Erbil’s apple farmers struggle to make ends meet
Majid Nabi, a farmer in Haji Omaran, has experienced big losses from the product on his five-dunam apple orchard.
“Out of the 25 tonnes I sent to Erbil, I have lost. I got only 6,000 IQD ($4.5),” he said, noting that he has an additional 30 tonnes of unharvested apples.
“If I harvest it and take it to Erbil, I will not even get the workers' cost. Is it fair to work to raise an apple orchard for 17 years and now lose? It costs me 500 IQD ($0.42) to produce one kilo of apples. It now sells for 350 to 400 IQD ($0.28-$0.32). I may lose about 100 IQD ($0.12) per kilo,” he added.
A lack of cold storage and juice factories have forced farmers to sell the product regardless of the losses.
Although the Kurdistan Regional Government’s ministry of agriculture has banned the importing of apples, the illegal smuggling of the fruit from Iran has proliferated.
“The apples are not even sold for 500 IQD ($0.42) per kilo.
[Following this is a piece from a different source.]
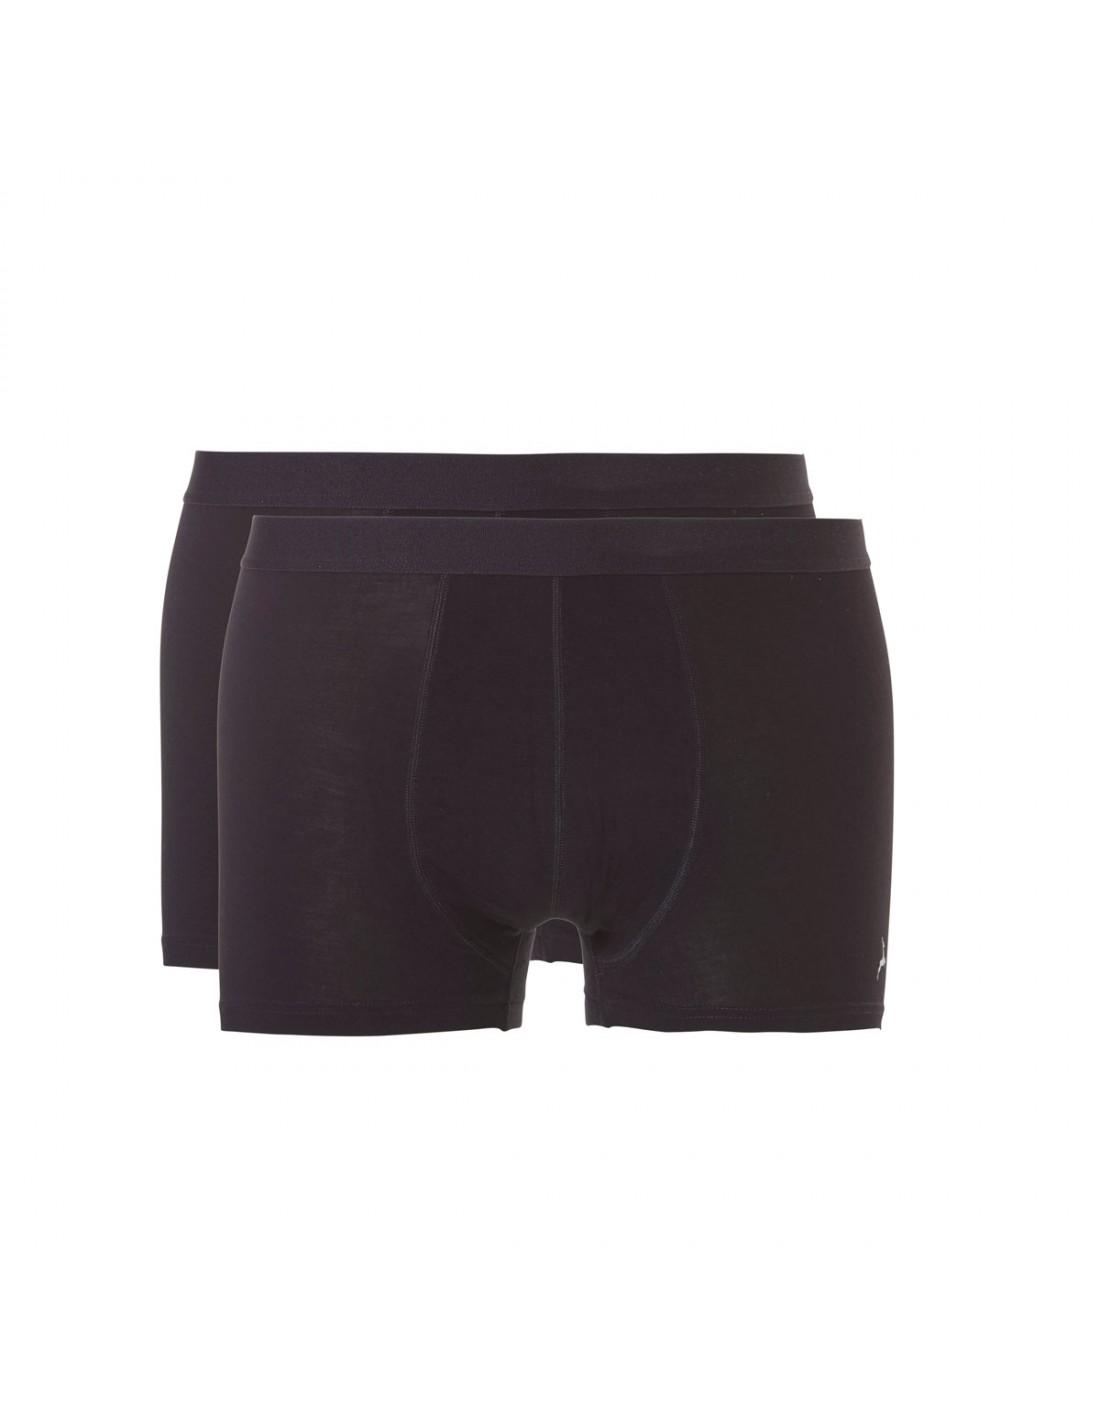 0250ace0ab5 Ten Cate ondergoed Men Bamboo Shorty Boxershort 2Pack Zwart

The reason for that is the import of the Iranian apples which prevent the export of our apples to other Iraqi provinces,” said Bapir Warti, a farmer from Balakayati area who brought his products to Erbil’s market on Thursday.
According to the Ministry of Agriculture, orchards make up nearly 500,000 dunams of land in the Kurdistan Region but there is no exact number of how much land grows apples.
The Kurdistan Region produces only 25% of the 200,000 tonnes of apples its residents consume a year.